In 2015, Ryan was one of 56 business leaders selected by Lieutenant Governor Dan Patrick to provide recommendations to the Texas Legislature. As part of the selection, Ryan was named chairman of his Tax Policy Advisory Board.

In 2016, Ryan contributed more than $83,000 to the Republican National Committee. During his presidential campaign, Donald Trump invited Ryan to advise him on tax policy. In October 2017, Ryan helped to organize an event for the Kuehne Speaker Series that brought Donald Trump Jr. to the University of North Texas.

In November 2017, it was reported that Ryan be the campaign treasurer for Lisa Luby Ryan's campaign for the Texas House of Representatives.

In April 2020, Lieutenant Governor Dan Patrick appointed a business task force to bolster the economy in Texas, with Ryan appointed to chair the task force.

==Philanthropy==
Ryan is a Garnet and Gold Donor for the Pi Kappa Alpha fraternity. He has donated over three million dollars to the University of North Texas including one million to the athletic department, and was the first member of the UNT Dallas Founders Circle. Ryan donated $1 million to Dallas Habitat for Humanity. He and his wife support the Amanda and G. Brint Ryan “Leaders of Tomorrow” scholarship for the University. Ryan is funding the majority of a private-public park project in Big Spring, Texas between the Hotel Settles and the Big Spring City Auditorium. In December 2017, Ryan and his wife donated $300,000 to the Museum of the American Railroad to fund a permanent model train exhibit.

In February 2019, Ryan and his wife Amanda donated $30 million to the University of North Texas, the largest gift in university history. The donation will help develop the G. Brint Ryan College of Business, which will provide ongoing support for business research through academic endowments, as well as funds to support strategic program initiatives to ensure the college is one of the nation's top providers of business higher education.
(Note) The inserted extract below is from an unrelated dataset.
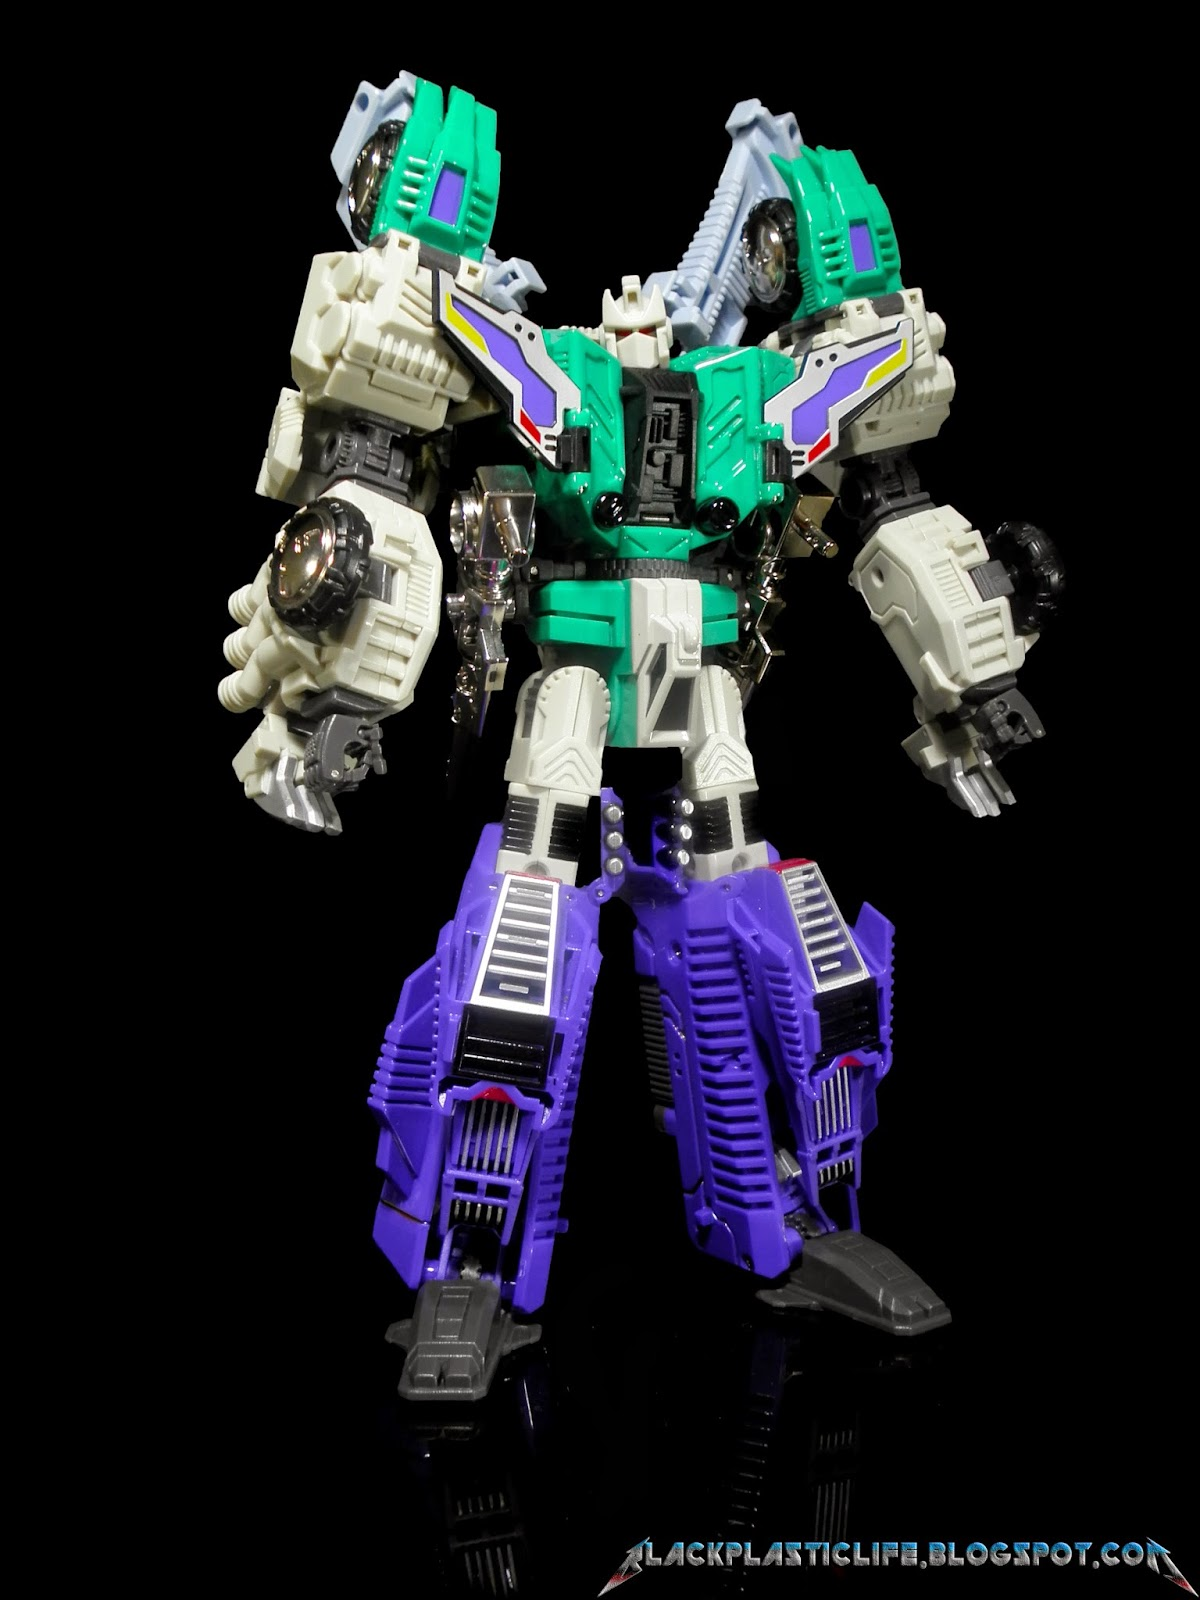 [Masterpiece Tiers] MMC R-01C CONTINUUM HEXATRON aka SIXSHOT - Sortie Nov. 2014 QeWXmsg7

In April 2019, The Ryan Foundation acted as a benefactor for the West Texas Centers, helping the mental health and intellectual developmental disability center build its new administrative headquarters in Big Spring, Texas. The new building will be known as the Amanda and G. Brint Ryan Center. This investment in WTC allows the relocation of the facility and its services into a new, state-of-the-art building with more than 15,000 square feet along 4th Street, between Johnson Street and Nolan Street.

==Personal life==
Ryan is married to the former Amanda Sutton. They have five daughters and live in Dallas, Texas. Ryan is an executive producer of a film about life in the West Texas oilfields in the late 1930s, The Iron Orchard. The film is based on a book of the same title by Tom Pendleton.